Model Building & Evaluation | Towards My Final Project
First I’ll load the data and recreate both the correlation matrix and regression model. I really like correlation plots for visualizing correlation so I’ll create one using the ggcorr() function from the GGally package.
P S Be Ba New
P 1.000 0.899 0.590 0.714 0.357
S 0.899 1.000 0.669 0.662 0.176
Be 0.590 0.669 1.000 0.334 0.267
Ba 0.714 0.662 0.334 1.000 0.182
New 0.357 0.176 0.267 0.182 1.000
# create cor plot
ggcorr(hSP2, label = TRUE, label_round = 3)
Call:
lm(formula = P ~ ., data = hSP2)
Residuals:
Min 1Q Median 3Q Max
-36.212 -9.546 1.277 9.406 71.953
Coefficients:
Estimate Std. Error t value Pr(>|t|)
(Intercept) -41.795 12.104 -3.453 0.000855 ***
S 64.761 5.630 11.504 < 0.0000000000000002 ***
Be -2.766 3.960 -0.698 0.486763
Ba 19.203 5.650 3.399 0.001019 **
New 18.984 3.873 4.902 0.0000043 ***
---
Signif. codes: 0 '***' 0.001 '**' 0.01 '*' 0.05 '.' 0.1 ' ' 1
Residual standard error: 16.36 on 88 degrees of freedom
Multiple R-squared: 0.8689, Adjusted R-squared: 0.8629
F-statistic: 145.8 on 4 and 88 DF, p-value: < 0.00000000000000022
Backward elimination is one of the three primary automated variable selection methods. It works as follows: fit a model including all possible predictor variables and one-by-one remove any variable that is not statistically significant (according to a predetermined \(\alpha\)-level), refitting the model after removing each variable and continuing until the model contains only statistically significant predictor variables.

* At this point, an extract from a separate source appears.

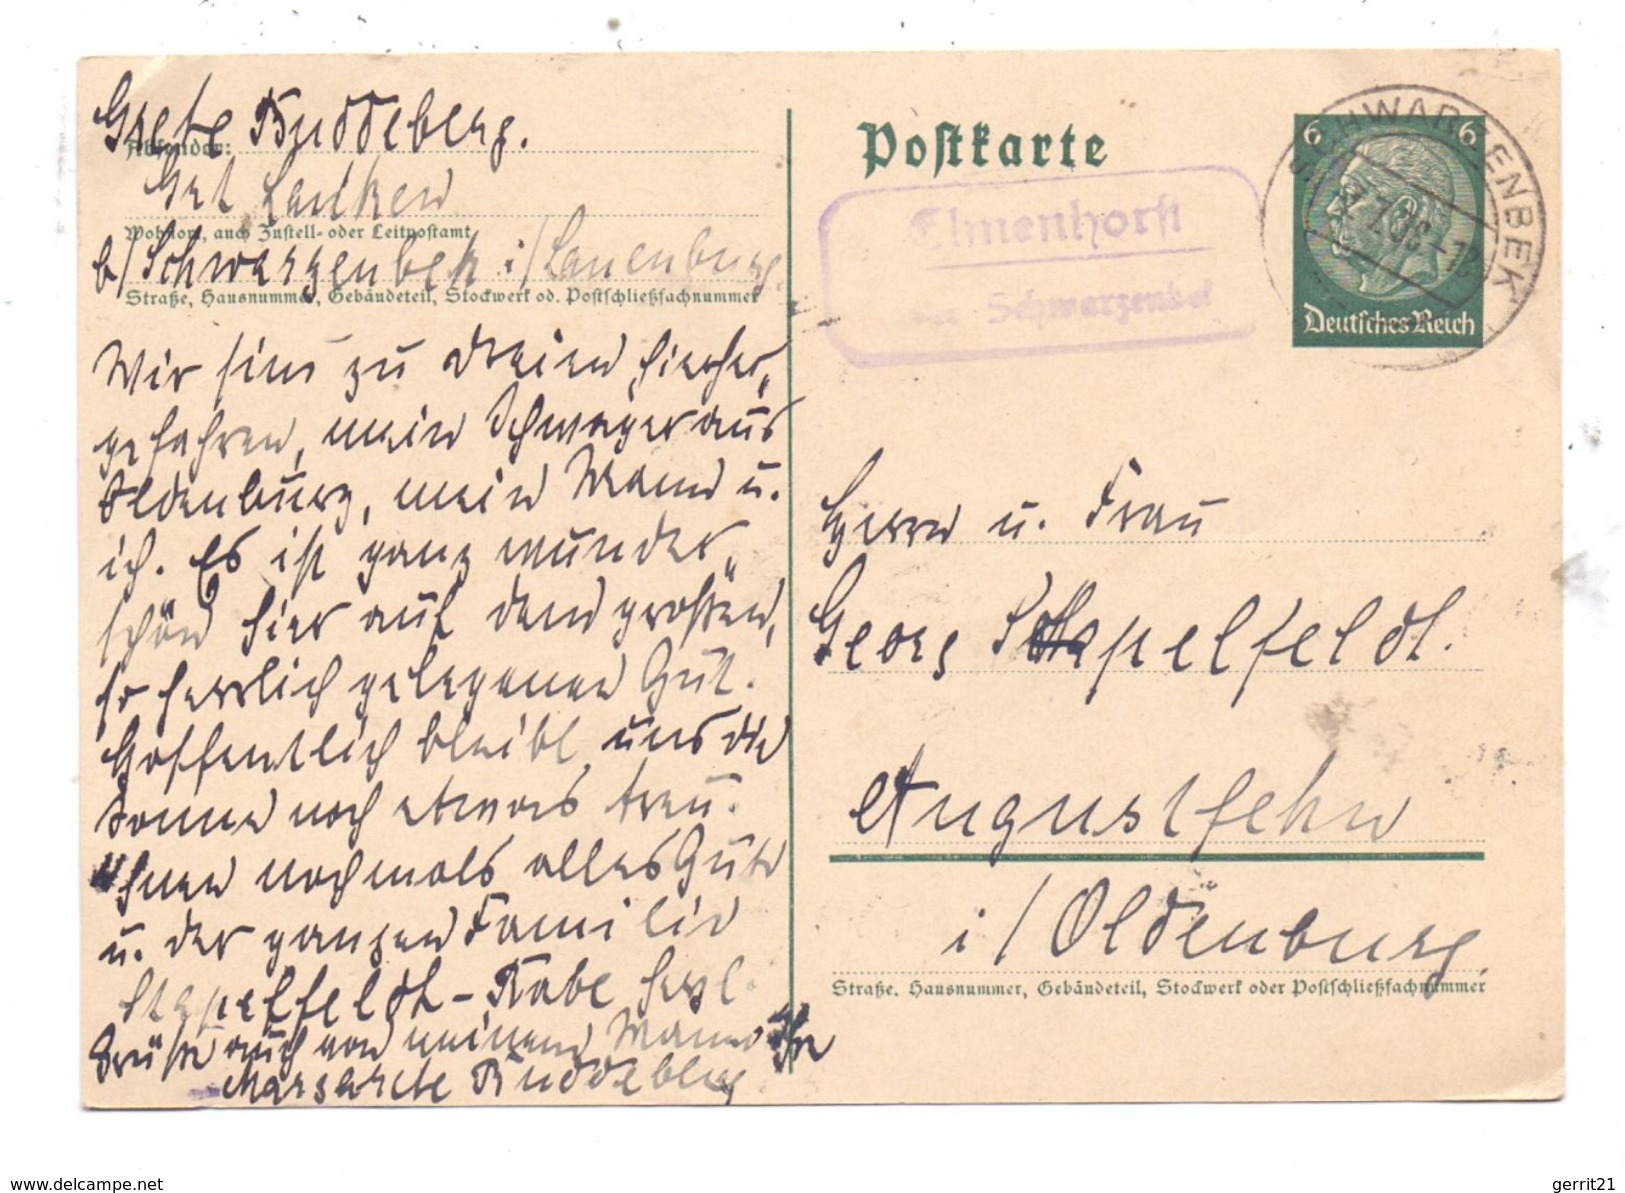 2053 ELMENHORST - Postgeschichte, Landpostsempel Elmenhorst über Schwarzenbek, 1938 - Schwarzenbeck

We’ve already fit the model using all possible predictor variables (above). Let’s determine the \(\alpha\)-level we’re looking for to be .05. Every variable except bed (the number of bedrooms in the house) is statistically significant at that level so backward elimination would lead us to remove bed first.
Call:
lm(formula = P ~ . - Be, data = hSP2)
Residuals:
Min 1Q Median 3Q Max
-34.804 -9.496 0.917 7.931 73.338
Coefficients:
Estimate Std. Error t value Pr(>|t|)
(Intercept) -47.992 8.209 -5.847 0.0000000815 ***
S 62.263 4.335 14.363 < 0.0000000000000002 ***
Ba 20.072 5.495 3.653 0.000438 ***
New 18.371 3.761 4.885 0.0000045396 ***
---
Signif. codes: 0 '***' 0.001 '**' 0.01 '*' 0.05 '.' 0.1 ' ' 1
Residual standard error: 16.31 on 89 degrees of freedom
Multiple R-squared: 0.8681, Adjusted R-squared: 0.8637
F-statistic: 195.3 on 3 and 89 DF, p-value: < 0.00000000000000022
Now every variable in the model is statistically significant. In fact, removing bed has increased the significance level of bath (the number of bathrooms).

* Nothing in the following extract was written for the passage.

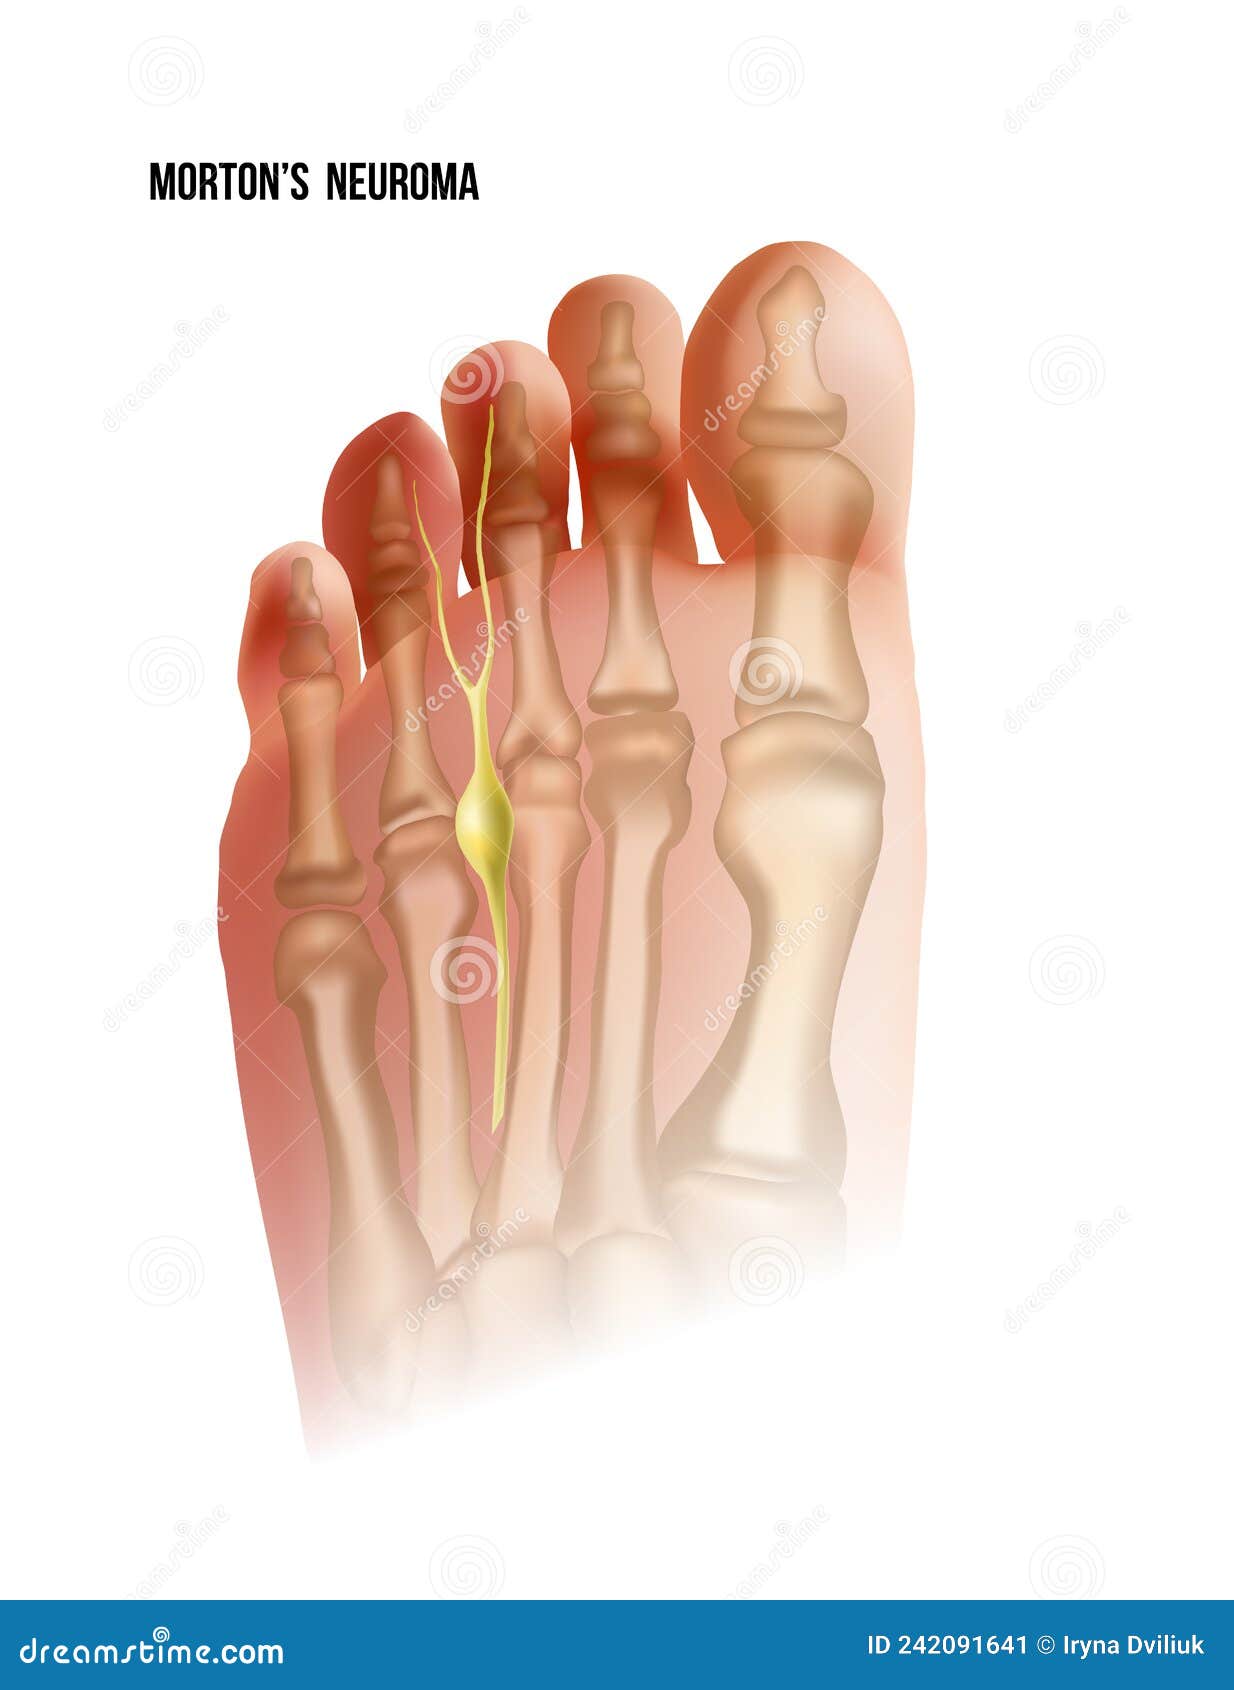 mortons neuroma. foot pain strain bottom view. realistic anatomy

Backward elimination would thus lead us to select the model with three predictor variables: size, bath, and new.
I can confirm this using the step() function.
# backward elimination
step(object = fithSP2, # specify full model
direction = "backward") # specify backward
Start: AIC=524.7
P ~ S + Be + Ba + New
Df Sum of Sq RSS AIC
- Be 1 131 23684 523.21
<none> 23553 524.70
- Ba 1 3092 26645 534.17
- New 1 6432 29985 545.15
- S 1 35419 58972 608.06
Step: AIC=523.21
P ~ S + Ba + New
Df Sum of Sq RSS AIC
<none> 23684 523.21
- Ba 1 3550 27234 534.20
- New 1 6349 30033 543.30
- S 1 54898 78582 632.75
Call:
lm(formula = P ~ S + Ba + New, data = hSP2)
Coefficients:
(Intercept) S Ba New
-47.99 62.26 20.07 18.37
Forward selection is another primary method of automated variable selection. It works as follows: begin with the intercept-only model and one-by-one add each variable that is statistically significant.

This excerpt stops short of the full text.